Every line from the one with "Dusky, Anthony Naples & LISAS" to the one with "Günther Uecker, Kopf, 1955/56, signiert", including those two, is to be copied exactly; all other lines of the entries below are left out.

● **Data shown**
--------------------------------------------------

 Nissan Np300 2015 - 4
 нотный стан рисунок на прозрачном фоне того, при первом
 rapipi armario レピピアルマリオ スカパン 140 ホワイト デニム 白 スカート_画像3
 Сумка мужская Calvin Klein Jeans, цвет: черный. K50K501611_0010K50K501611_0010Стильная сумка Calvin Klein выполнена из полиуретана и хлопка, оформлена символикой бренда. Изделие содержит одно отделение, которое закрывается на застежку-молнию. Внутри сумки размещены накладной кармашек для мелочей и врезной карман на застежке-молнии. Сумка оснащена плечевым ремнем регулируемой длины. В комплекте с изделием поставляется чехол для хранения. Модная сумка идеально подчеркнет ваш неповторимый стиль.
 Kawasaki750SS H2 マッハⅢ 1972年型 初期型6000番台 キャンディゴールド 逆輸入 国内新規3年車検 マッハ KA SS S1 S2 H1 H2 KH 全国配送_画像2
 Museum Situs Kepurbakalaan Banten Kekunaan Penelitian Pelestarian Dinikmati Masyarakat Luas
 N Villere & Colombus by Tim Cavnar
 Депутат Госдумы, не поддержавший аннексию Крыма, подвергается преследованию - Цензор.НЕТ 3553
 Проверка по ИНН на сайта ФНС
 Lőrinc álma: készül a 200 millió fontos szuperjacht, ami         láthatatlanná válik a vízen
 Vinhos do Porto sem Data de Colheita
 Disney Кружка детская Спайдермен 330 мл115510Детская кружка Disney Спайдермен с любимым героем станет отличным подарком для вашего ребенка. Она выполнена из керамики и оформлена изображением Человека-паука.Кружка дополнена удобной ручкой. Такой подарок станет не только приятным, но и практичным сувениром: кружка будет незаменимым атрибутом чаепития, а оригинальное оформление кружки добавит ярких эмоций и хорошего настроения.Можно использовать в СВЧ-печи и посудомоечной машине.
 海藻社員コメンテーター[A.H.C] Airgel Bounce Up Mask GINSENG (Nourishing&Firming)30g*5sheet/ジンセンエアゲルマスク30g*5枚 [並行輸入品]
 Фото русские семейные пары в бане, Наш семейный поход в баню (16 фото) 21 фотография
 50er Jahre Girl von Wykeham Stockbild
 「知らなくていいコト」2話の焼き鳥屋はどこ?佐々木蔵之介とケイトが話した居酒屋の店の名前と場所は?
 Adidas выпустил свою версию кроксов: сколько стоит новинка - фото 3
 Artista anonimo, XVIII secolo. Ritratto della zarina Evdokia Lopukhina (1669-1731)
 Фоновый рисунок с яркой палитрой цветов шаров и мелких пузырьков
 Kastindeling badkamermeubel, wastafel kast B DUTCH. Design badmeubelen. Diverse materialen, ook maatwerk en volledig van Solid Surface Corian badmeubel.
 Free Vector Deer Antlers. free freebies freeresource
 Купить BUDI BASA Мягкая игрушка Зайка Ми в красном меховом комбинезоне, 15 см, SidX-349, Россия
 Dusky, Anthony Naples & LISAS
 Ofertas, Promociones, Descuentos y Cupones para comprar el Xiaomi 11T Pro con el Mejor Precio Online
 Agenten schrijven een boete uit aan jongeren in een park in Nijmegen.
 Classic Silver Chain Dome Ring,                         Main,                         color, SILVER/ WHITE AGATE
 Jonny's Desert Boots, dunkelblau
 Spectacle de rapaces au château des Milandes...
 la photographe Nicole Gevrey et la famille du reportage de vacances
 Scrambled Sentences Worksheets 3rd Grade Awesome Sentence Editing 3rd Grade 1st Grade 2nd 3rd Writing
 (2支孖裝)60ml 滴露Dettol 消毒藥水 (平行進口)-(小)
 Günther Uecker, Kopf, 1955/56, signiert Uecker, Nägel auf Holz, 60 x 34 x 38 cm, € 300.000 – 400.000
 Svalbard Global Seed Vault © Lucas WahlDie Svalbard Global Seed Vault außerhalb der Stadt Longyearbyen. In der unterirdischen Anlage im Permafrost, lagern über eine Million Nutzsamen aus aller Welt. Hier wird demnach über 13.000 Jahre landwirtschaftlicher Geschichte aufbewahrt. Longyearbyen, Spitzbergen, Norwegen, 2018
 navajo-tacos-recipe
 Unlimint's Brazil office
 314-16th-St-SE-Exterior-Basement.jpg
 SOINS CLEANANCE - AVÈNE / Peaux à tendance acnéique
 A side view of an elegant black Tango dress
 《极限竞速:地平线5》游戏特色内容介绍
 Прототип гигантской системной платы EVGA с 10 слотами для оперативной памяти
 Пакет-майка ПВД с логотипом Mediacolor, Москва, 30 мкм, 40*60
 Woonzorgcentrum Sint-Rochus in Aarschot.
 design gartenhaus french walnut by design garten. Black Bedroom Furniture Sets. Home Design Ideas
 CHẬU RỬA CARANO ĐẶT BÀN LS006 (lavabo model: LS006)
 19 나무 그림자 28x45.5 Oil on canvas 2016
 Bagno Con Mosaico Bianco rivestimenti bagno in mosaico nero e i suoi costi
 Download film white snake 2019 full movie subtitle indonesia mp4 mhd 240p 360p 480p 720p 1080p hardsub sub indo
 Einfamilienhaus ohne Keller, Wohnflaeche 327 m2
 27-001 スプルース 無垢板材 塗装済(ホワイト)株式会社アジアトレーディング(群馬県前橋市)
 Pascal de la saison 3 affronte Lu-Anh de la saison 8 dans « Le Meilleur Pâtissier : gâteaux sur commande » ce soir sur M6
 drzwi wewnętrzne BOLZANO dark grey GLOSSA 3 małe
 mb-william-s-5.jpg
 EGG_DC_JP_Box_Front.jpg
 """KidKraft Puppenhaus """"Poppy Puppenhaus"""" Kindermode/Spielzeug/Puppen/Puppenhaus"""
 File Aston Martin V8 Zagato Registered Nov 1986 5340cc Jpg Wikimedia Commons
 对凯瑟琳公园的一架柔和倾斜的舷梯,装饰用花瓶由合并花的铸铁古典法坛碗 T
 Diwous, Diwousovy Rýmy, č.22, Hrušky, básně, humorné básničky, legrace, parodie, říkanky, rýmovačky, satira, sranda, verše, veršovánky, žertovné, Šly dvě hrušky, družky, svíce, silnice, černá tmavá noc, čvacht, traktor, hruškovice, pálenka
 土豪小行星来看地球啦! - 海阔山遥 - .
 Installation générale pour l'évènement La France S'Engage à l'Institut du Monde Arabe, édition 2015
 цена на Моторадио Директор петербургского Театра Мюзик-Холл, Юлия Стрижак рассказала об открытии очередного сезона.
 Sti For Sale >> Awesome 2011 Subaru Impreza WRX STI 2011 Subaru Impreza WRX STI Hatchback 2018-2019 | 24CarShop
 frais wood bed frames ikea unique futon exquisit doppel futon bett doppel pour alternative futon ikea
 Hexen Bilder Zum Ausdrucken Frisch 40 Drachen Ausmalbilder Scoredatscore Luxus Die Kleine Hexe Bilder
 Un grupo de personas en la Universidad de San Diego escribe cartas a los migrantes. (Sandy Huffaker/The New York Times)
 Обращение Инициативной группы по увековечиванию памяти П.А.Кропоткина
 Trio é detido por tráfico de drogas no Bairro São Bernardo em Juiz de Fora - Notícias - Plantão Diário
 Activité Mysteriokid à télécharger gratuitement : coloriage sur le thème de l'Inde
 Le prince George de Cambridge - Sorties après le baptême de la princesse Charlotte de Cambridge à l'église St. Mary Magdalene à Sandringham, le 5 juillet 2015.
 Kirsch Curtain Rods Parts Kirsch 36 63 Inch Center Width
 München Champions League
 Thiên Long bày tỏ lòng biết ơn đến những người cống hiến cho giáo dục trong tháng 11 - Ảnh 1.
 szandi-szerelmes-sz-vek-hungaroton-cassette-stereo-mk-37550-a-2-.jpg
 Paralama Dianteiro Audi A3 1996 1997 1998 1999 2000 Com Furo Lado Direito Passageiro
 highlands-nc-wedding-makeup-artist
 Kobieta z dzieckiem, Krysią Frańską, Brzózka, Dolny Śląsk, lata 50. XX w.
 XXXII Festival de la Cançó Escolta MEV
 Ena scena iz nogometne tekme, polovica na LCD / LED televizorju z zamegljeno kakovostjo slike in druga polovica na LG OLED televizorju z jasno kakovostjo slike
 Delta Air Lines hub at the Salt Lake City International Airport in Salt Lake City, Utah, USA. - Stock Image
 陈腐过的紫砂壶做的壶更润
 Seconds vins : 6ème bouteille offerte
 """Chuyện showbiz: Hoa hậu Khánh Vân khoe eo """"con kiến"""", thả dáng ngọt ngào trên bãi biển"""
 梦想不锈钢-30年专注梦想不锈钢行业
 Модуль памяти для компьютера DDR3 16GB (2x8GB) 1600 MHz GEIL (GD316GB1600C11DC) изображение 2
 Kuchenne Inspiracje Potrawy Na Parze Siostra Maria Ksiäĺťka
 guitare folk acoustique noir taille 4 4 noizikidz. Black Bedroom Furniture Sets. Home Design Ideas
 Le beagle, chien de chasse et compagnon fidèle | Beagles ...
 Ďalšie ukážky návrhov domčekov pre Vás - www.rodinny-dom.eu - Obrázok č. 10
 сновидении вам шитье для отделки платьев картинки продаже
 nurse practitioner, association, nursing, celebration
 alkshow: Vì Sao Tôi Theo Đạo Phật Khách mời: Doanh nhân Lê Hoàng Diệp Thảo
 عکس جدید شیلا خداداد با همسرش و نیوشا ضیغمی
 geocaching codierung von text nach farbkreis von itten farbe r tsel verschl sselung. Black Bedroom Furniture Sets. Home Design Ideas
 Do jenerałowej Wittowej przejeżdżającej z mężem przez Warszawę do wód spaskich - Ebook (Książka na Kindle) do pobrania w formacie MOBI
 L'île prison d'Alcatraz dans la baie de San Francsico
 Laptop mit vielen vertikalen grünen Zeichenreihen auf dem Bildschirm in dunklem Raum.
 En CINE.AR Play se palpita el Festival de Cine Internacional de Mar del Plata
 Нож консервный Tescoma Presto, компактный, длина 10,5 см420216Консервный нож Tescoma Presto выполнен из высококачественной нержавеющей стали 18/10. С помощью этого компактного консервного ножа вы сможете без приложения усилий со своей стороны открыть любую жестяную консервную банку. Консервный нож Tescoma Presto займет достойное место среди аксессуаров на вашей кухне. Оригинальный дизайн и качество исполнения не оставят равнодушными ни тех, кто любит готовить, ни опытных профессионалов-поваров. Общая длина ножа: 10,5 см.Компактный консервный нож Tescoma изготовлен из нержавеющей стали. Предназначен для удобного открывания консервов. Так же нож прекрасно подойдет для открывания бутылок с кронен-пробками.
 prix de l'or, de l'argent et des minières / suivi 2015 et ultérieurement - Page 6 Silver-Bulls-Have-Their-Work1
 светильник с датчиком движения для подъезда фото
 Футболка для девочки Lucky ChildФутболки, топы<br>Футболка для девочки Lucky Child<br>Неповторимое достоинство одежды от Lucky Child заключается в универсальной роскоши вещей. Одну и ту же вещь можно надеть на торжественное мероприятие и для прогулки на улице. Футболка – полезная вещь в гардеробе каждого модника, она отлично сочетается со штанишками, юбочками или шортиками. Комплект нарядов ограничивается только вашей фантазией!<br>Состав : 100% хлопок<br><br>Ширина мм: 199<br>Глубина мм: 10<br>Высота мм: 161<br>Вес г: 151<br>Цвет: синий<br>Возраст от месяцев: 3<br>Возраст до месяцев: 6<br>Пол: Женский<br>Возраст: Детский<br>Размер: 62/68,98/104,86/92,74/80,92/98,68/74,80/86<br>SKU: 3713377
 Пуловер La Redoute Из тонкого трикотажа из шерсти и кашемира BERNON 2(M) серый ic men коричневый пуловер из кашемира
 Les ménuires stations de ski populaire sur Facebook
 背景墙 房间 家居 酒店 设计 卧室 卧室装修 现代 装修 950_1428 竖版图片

--------------------------------------------------

● **Answer to the exercise**
 Dusky, Anthony Naples & LISAS
 Ofertas, Promociones, Descuentos y Cupones para comprar el Xiaomi 11T Pro con el Mejor Precio Online
 Agenten schrijven een boete uit aan jongeren in een park in Nijmegen.
 Classic Silver Chain Dome Ring,                         Main,                         color, SILVER/ WHITE AGATE
 Jonny's Desert Boots, dunkelblau
 Spectacle de rapaces au château des Milandes...
 la photographe Nicole Gevrey et la famille du reportage de vacances
 Scrambled Sentences Worksheets 3rd Grade Awesome Sentence Editing 3rd Grade 1st Grade 2nd 3rd Writing
 (2支孖裝)60ml 滴露Dettol 消毒藥水 (平行進口)-(小)
 Günther Uecker, Kopf, 1955/56, signiert Uecker, Nägel auf Holz, 60 x 34 x 38 cm, € 300.000 – 400.000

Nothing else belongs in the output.